Virginia Woolf's "Time Passes" from To the Lighthouse

The initial idea and overall organization of this project was the work of Julia Briggs (1943-2007), in whose memory the project was completed. When the project was undertaken in the late 2000s Virginia Woolf's writing was still in copyright, but under United Kingdom law this expired on 1 January 2012, being the first day of the 70th year following her death in 1941. The original project materials, and an innovative interface to them, were all loaded onto an independent project website called Woolf Online that is reached from the link on the left, and protected in its various parts--Woolf's writing, contextualizing pictures, and interface design--by assertions of the various creators' rights. The interface, for example, has the most liberal assertion of rights via a Creative Commons Attribution, Non-Commerical, No-Derivatives (known as CC BY-NC-ND) licence. In the light of Woolf's work entering the public domain at the start of 2012, moves are afoot to recreate on a CTS website as much of the project's materials, with as few restrictions, as possible. What follows is a description of the project from the Woolf Online website.


This project takes as its case study the experimental passage, "Time Passes", from Virginia Woolf's novel To the Lighthouse (1927). Virginia Woolf composed the first draft between 30th April and 25th May 1926, with an interval of four days, between 10th and 13th May, when she was working on an article on De Quincey for the Times Literary Supplement. The project brings together the different stages of writing that went into the making of "Time Passes" to create a record of its development in the form of a genetic edition of the text, and to embed that edition in a network of histories and contexts that reconfigure traditional annotation techniques as a system of linked but separate strands of thought, thus producing a new form of literary archaeology.
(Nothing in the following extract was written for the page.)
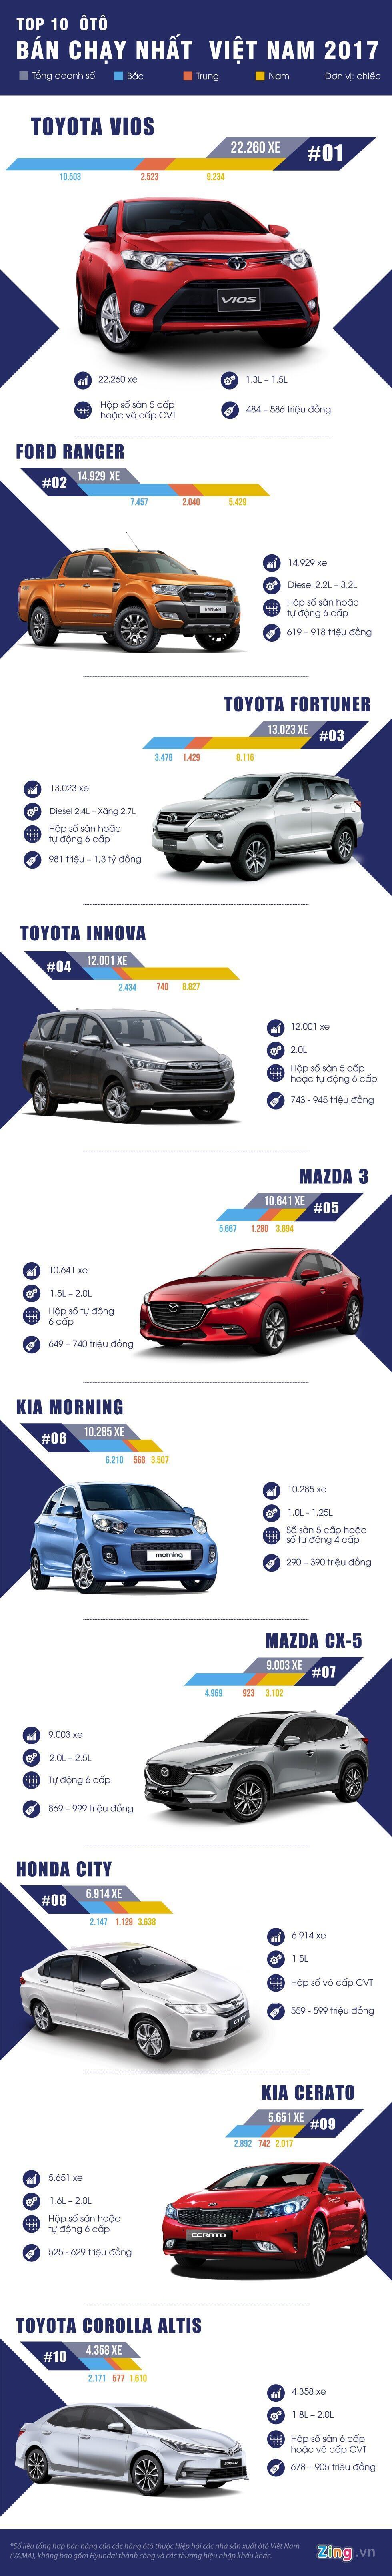 10 xe bán chạy nhất Việt Nam 2017: Toyota Vios nắm ngôi vua - Hình 1

"Time Passes" is the ideal text for this project, not merely because it is a difficult and highly experimental piece of fiction, concerned with the relation between conscious and unconscious thought, but also, more pragmatically, because its history is exceptionally well documented. In addition to the first manuscript draft, there are two further stages of revision recorded, as well as three different published versions, none of them obviously representing a final intention. One unique feature of this project is made possible by Woolf's distinctive writing practice which enabled the project to identify the precise date on which each portion of her first draft was written, and so to correlate that portion with other documents, letters, diary etc, written on the same day. The first draft of "Time Passes" was composed in 26 days between 30th April and 25th May 1926, days during which a major political crisis, the first ever General Strike, was unfolding, an event that provides further perspective on the text.

The first draft of the text, the Initial Holograph Draft, and the private and public histories of its composition are dynamically linked, making it possible to read each day's draft in the context of the rest of Woolf's activities. The four stages of the current project, therefore, are as follows

  1. the genetic edition of the text
  2. first draft history, (a) personal
  3. first draft history, (b) public
  4. Stephen family history

Both parts of the first draft history, personal and public, can be found within the Contextual section of the site.